Ижевский завод, за 14 лет перед тем основанный графом А.П.Шуваловым, был разграблен и выжжен; священник заводской церкви Гиляревский и дьякон Москвин бежали в г.Хлынов.

28 июня Пугачев с 8 казаками и с новокрещеным вотяком дер. Малой Бодьи появились во втором новокрещенском (вотском) селе, Юсках, и здесь начали производить жестокую расправу с духовенством. Вот как рассказывает о ней оставшийся в живых дьячек Степанов в своем донесении в Сарапульское Духовное Правление.
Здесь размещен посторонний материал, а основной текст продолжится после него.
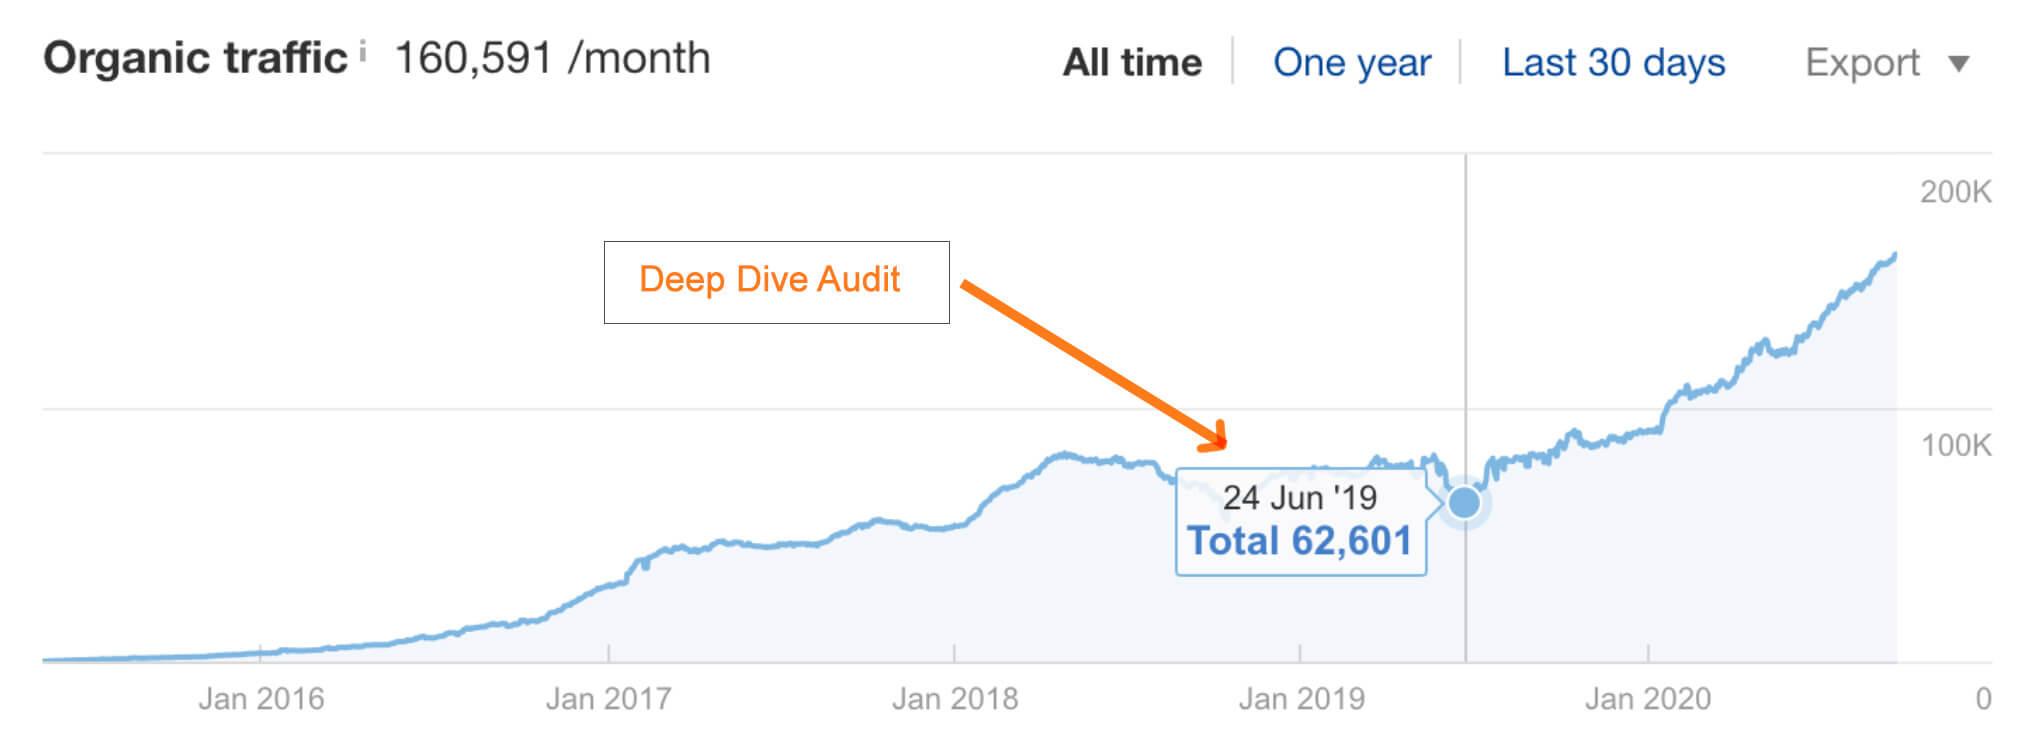 Deed Dive Audit effects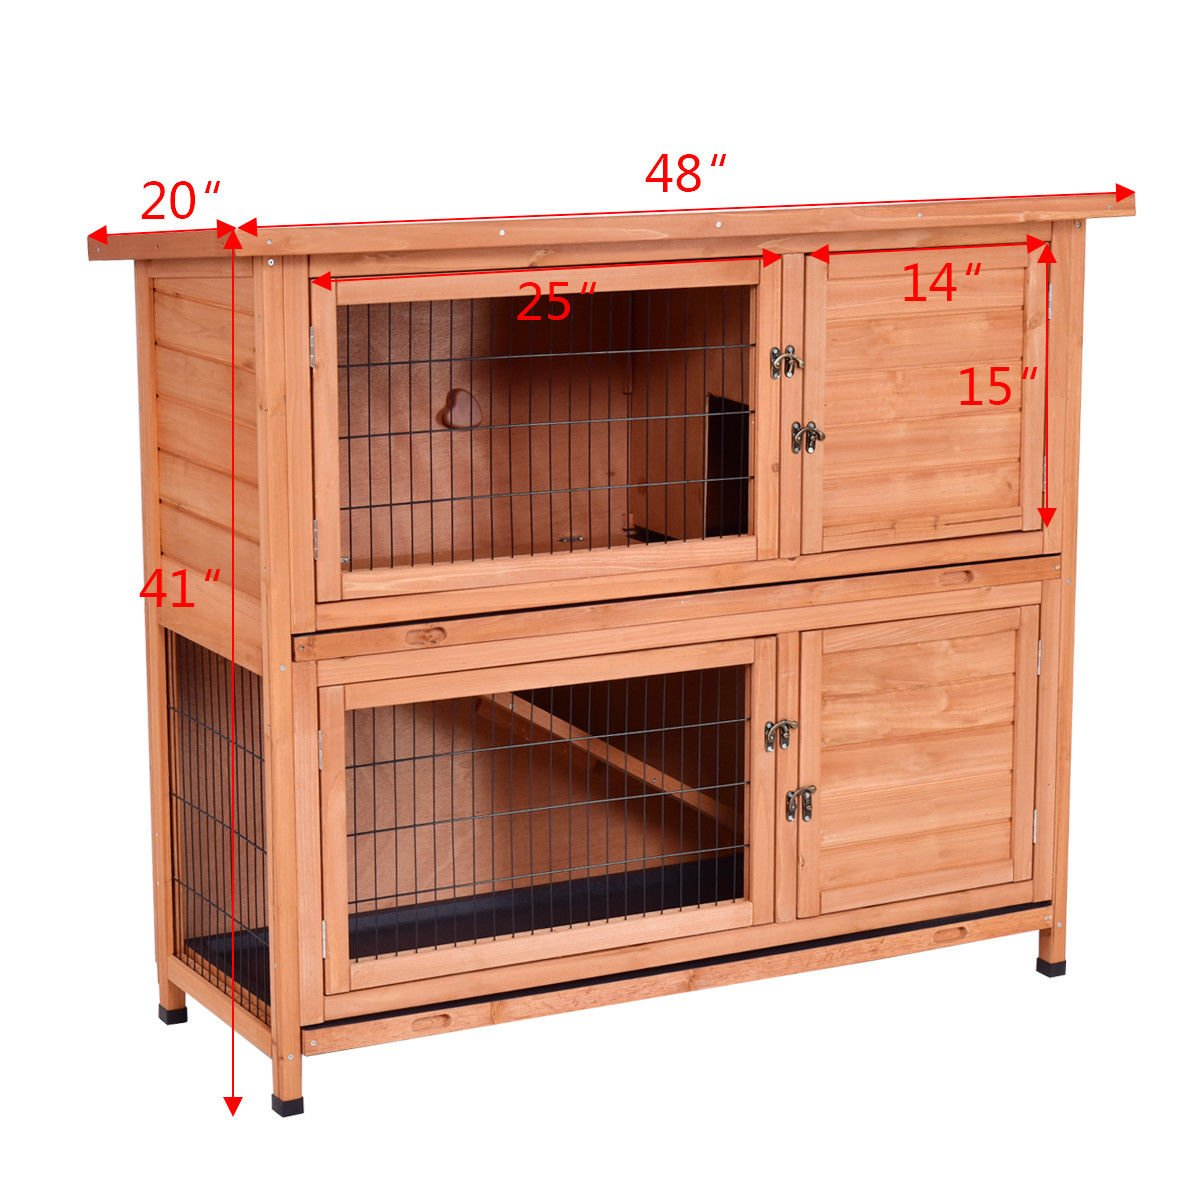 Tangkula Chicken Coop 48'' Rabbit Hutch Wooden Garden Backyard Bunny Hen House Pet Supplies with Ladder by Tangkula (Image #5)

«Приехав в дом священника Семена Яковлева, они, не говоря ничего, означенного священникак с сыном его пономарем Андреем, да отца престарелого, бывшего в селе Вятском священника Якова Тихонова, который находился у него, священника Ивана Семенова, диакона Василия Никитина перевязали и у двора означенного священника Семенова, положа жердь один конец на погреб, другую на козелки всех повесили; армаем был онагож села Юски новокрещен; потом объявленный злодей Пугачев с казаками взошел в дом к священнику Ивану Семенову в горницу жены ево Марьи Никоновой, спросил, чтоб отдала ключи, от которой принявши посла в избу и по приходе в избе предписанный новокрещен Петр Актямиров просил у нее денег и за неимением отдать денег оной новокрещен Актямиров с казаками били ее плетьми смертельно, едва ожила, имеющуюся нажить разграбили всю без остатку, а после пришед в дом к священнику Семену Яковлеву потому же жену ево Татьяну Степанову, спрашивая денег, тиранически муча, обще с озвученными священниками на одной рели повесили и нажить всю без остатка, лошадей ограбили, откуда пришед в церковь Юожию, ризницу всю оставя, только одну казенную выбойчетую ризу, також завесу церковную и все без остатку ограбили, напрестольный крест да евангелие, овангелисты медные, сосуды церковные, оловянные, — затем, что не сребренные, не взяли, рассматривали зубами – повредили, а потом из церкви вышел к диакону Никитину, так же нажить всю ограбили и лошадей увели и всю нажить, наклав на взятые у оных же священников телеги, увезли…»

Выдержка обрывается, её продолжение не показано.